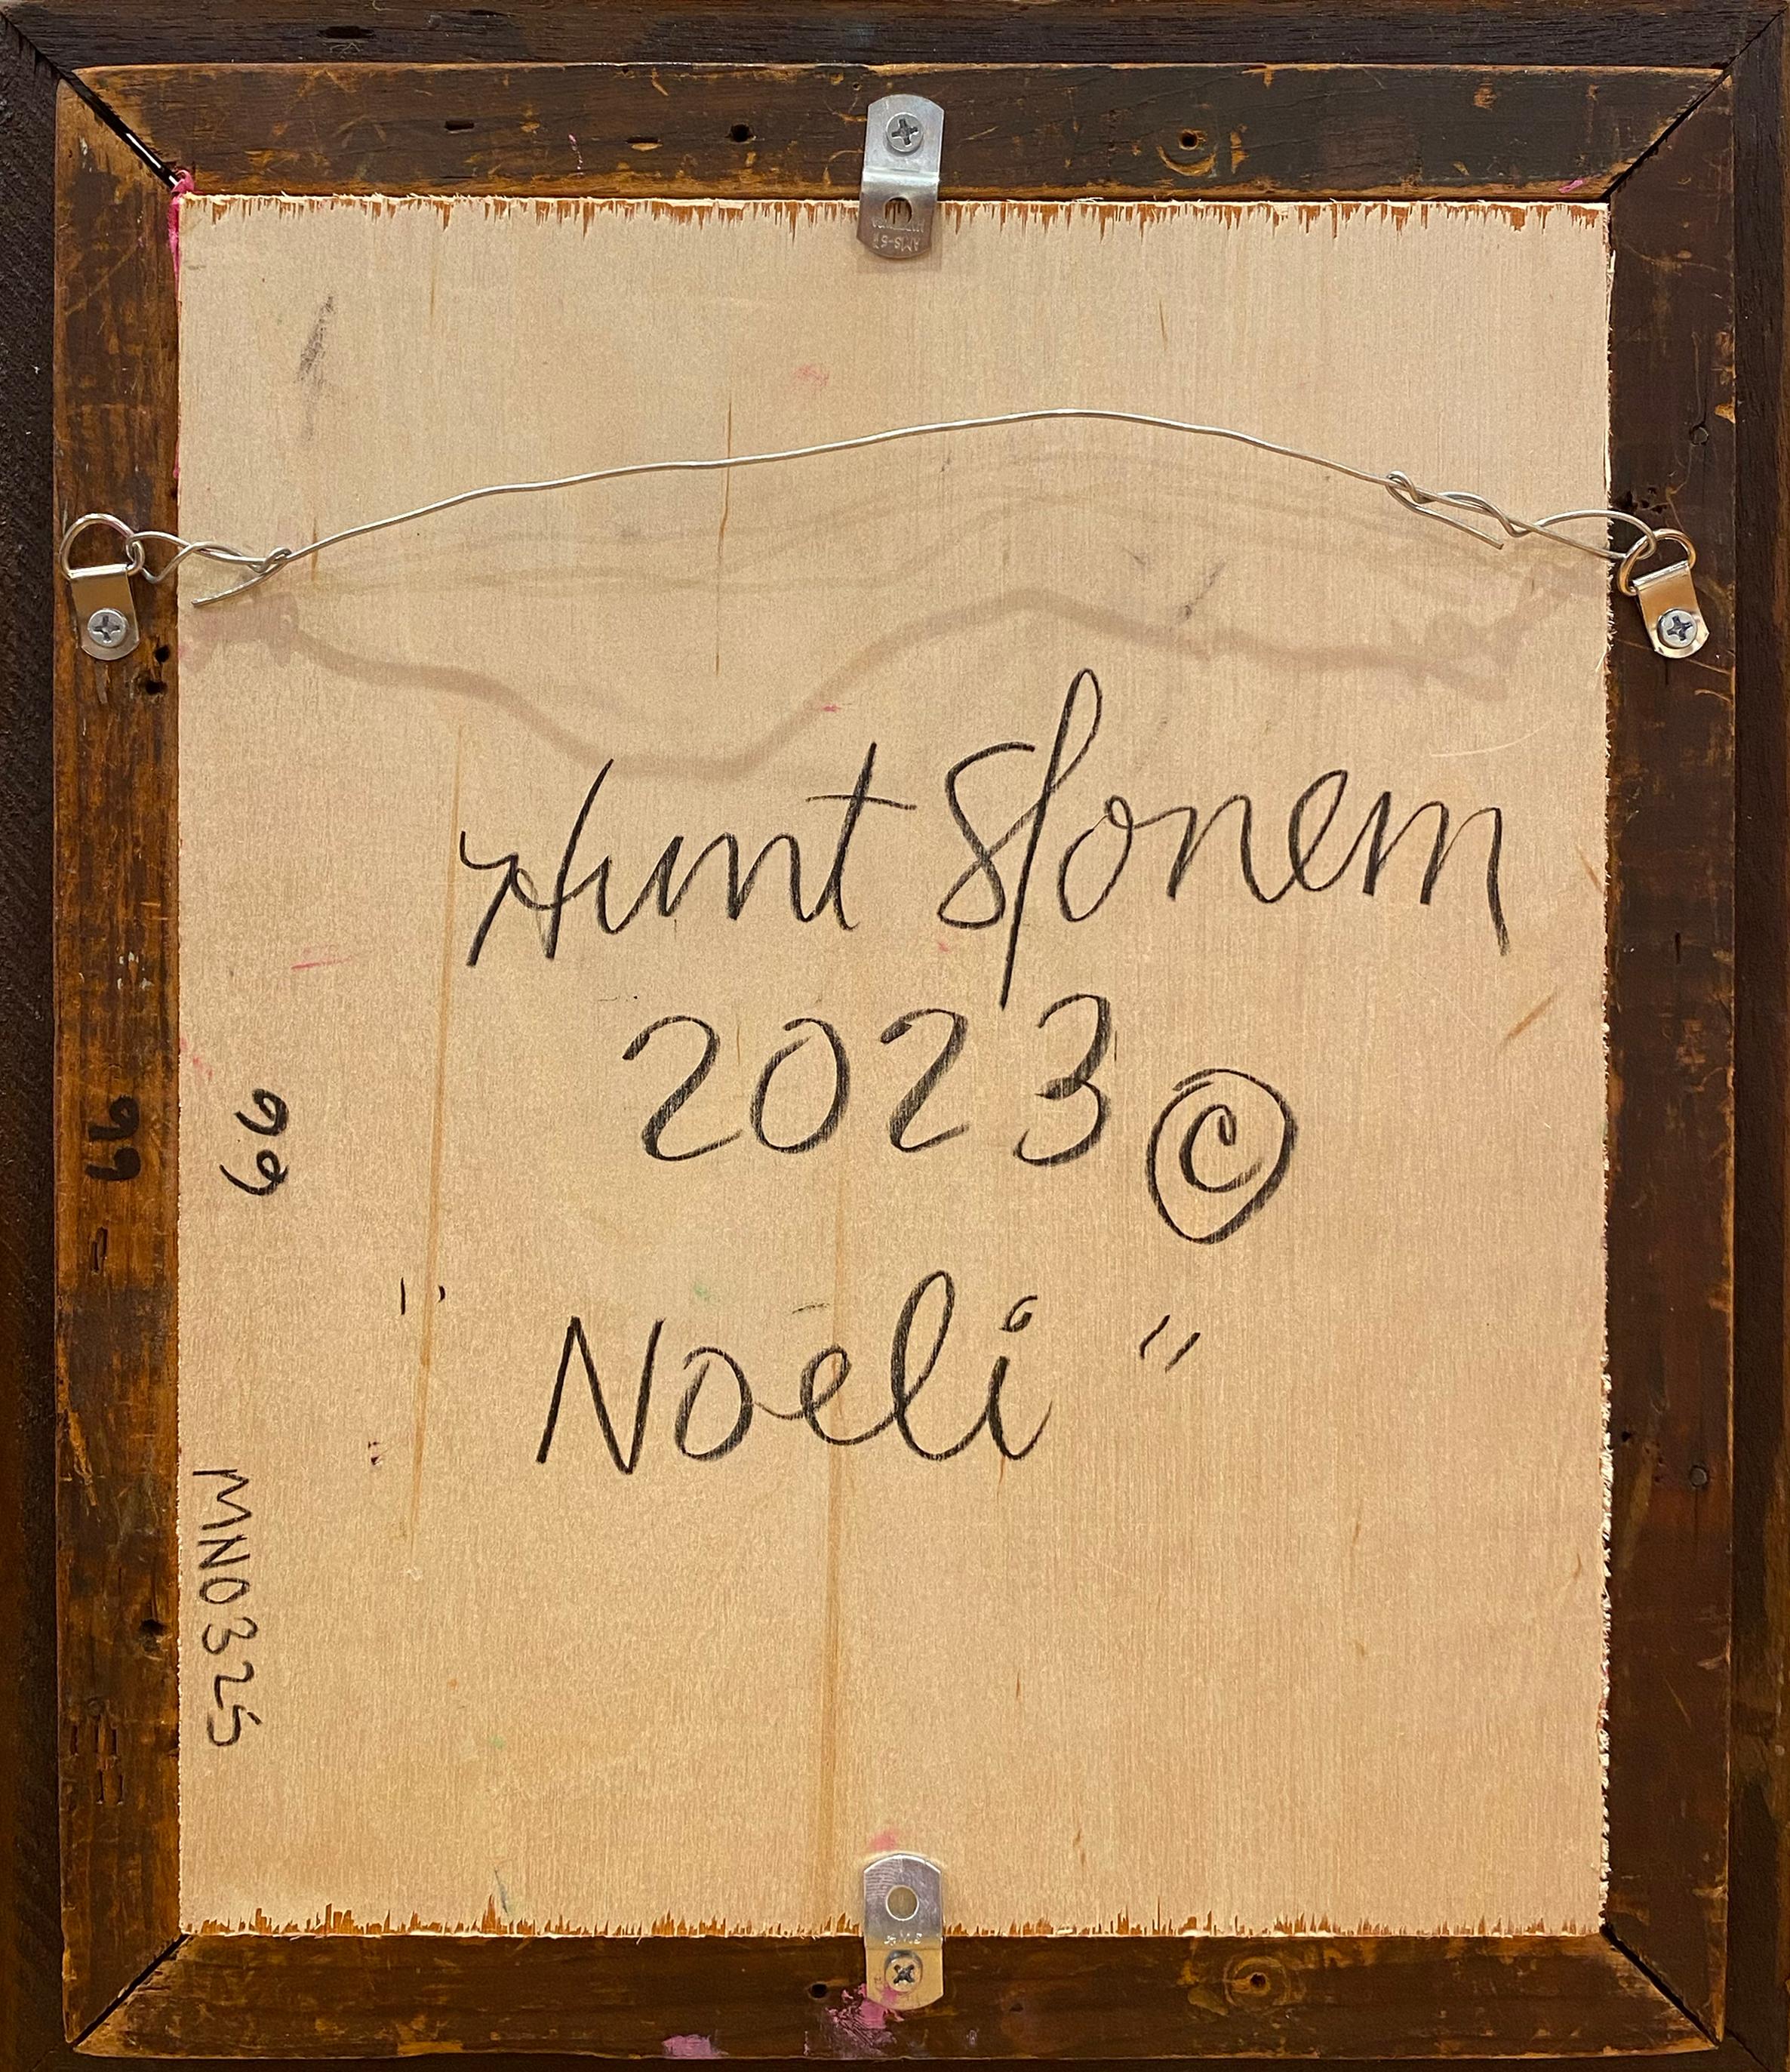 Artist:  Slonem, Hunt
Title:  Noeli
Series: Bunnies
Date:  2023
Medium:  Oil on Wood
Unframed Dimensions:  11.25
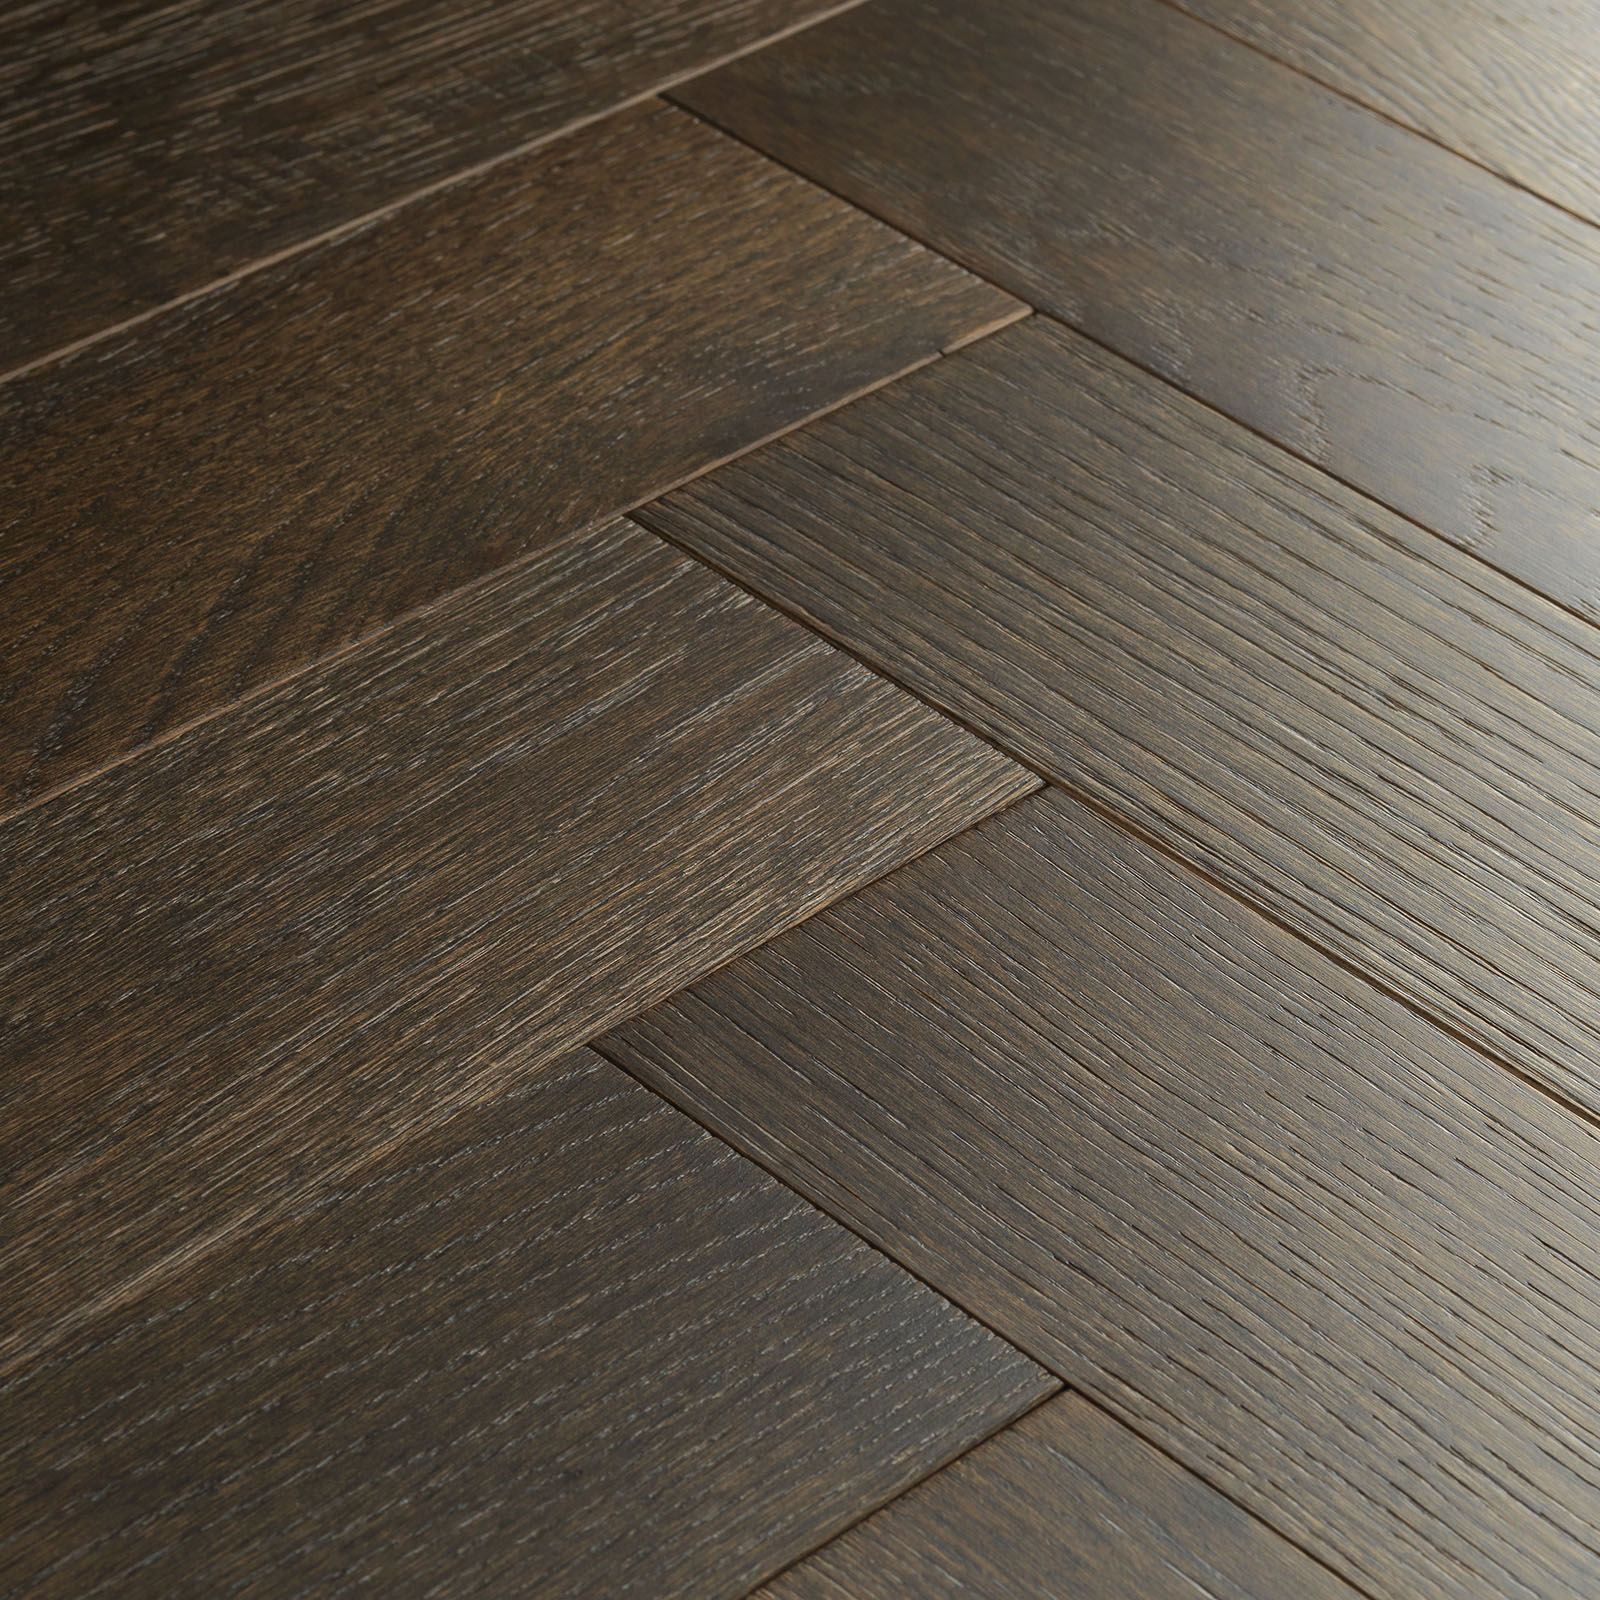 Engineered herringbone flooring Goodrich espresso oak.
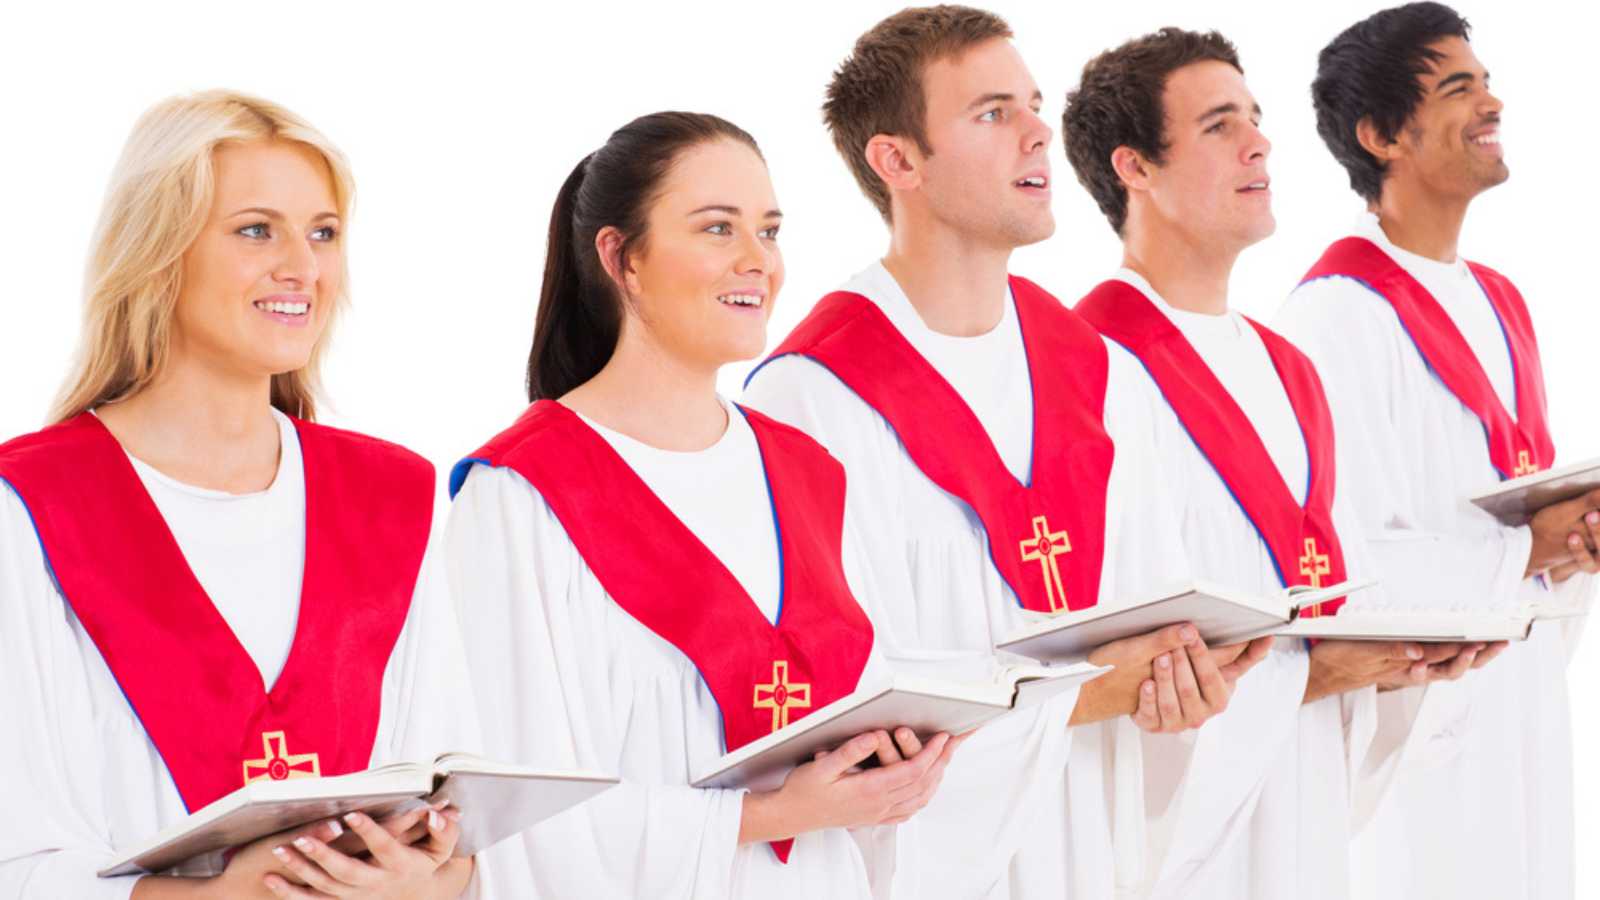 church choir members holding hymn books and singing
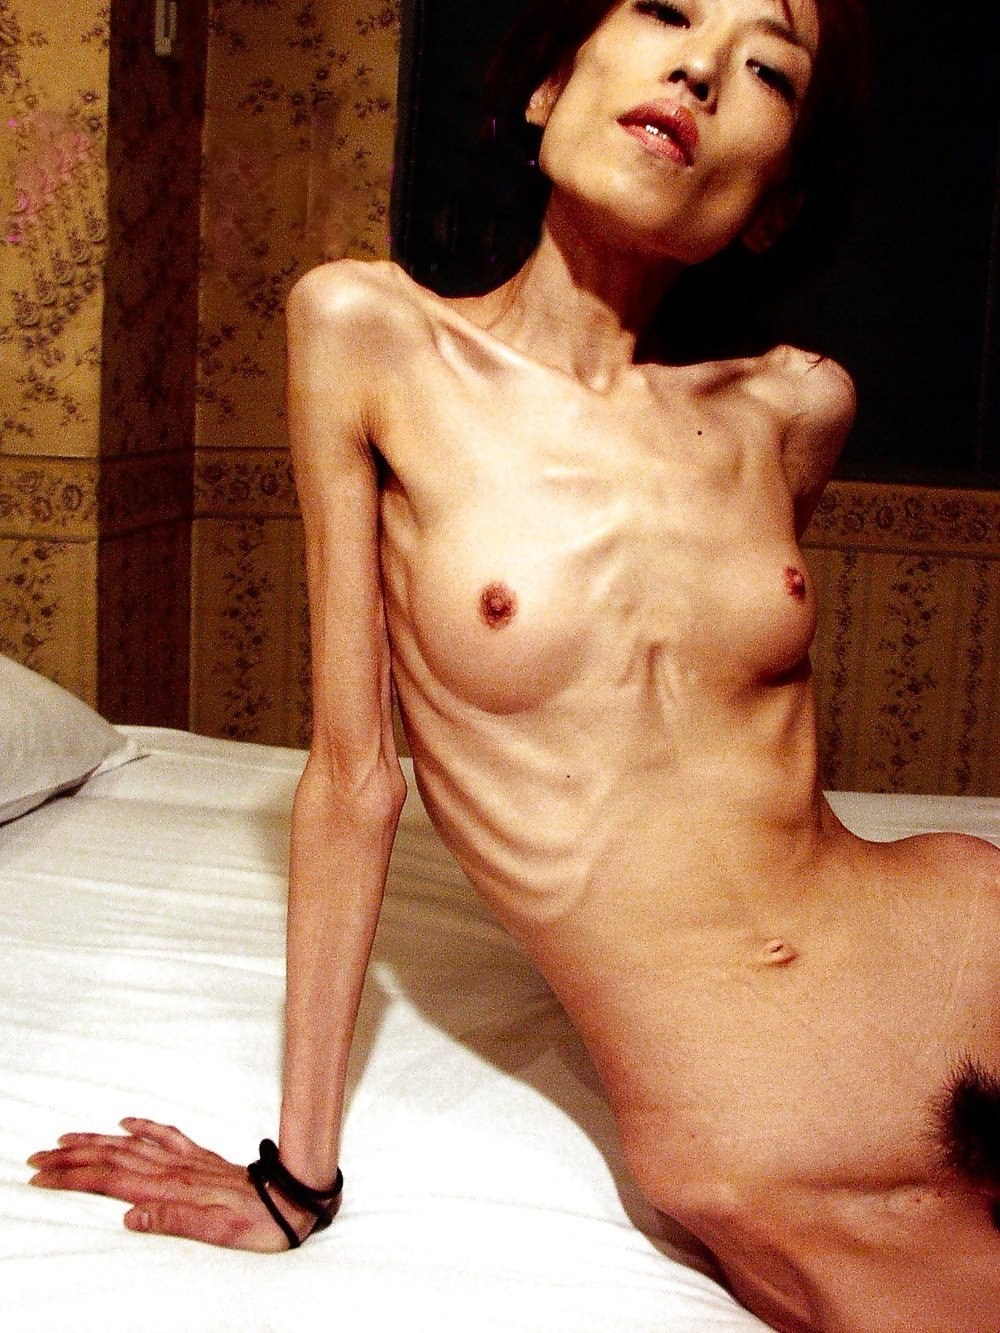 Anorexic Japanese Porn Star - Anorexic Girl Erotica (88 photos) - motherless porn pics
***
Exercise ▸
With the pictures stripped out, return each record word for word.

Solution for this exercise ▸
 Artist:  Slonem, Hunt
Title:  Noeli
Series: Bunnies
Date:  2023
Medium:  Oil on Wood
Unframed Dimensions:  11.25
 Engineered herringbone flooring Goodrich espresso oak.
 church choir members holding hymn books and singing
 Anorexic Japanese Porn Star - Anorexic Girl Erotica (88 photos) - motherless porn pics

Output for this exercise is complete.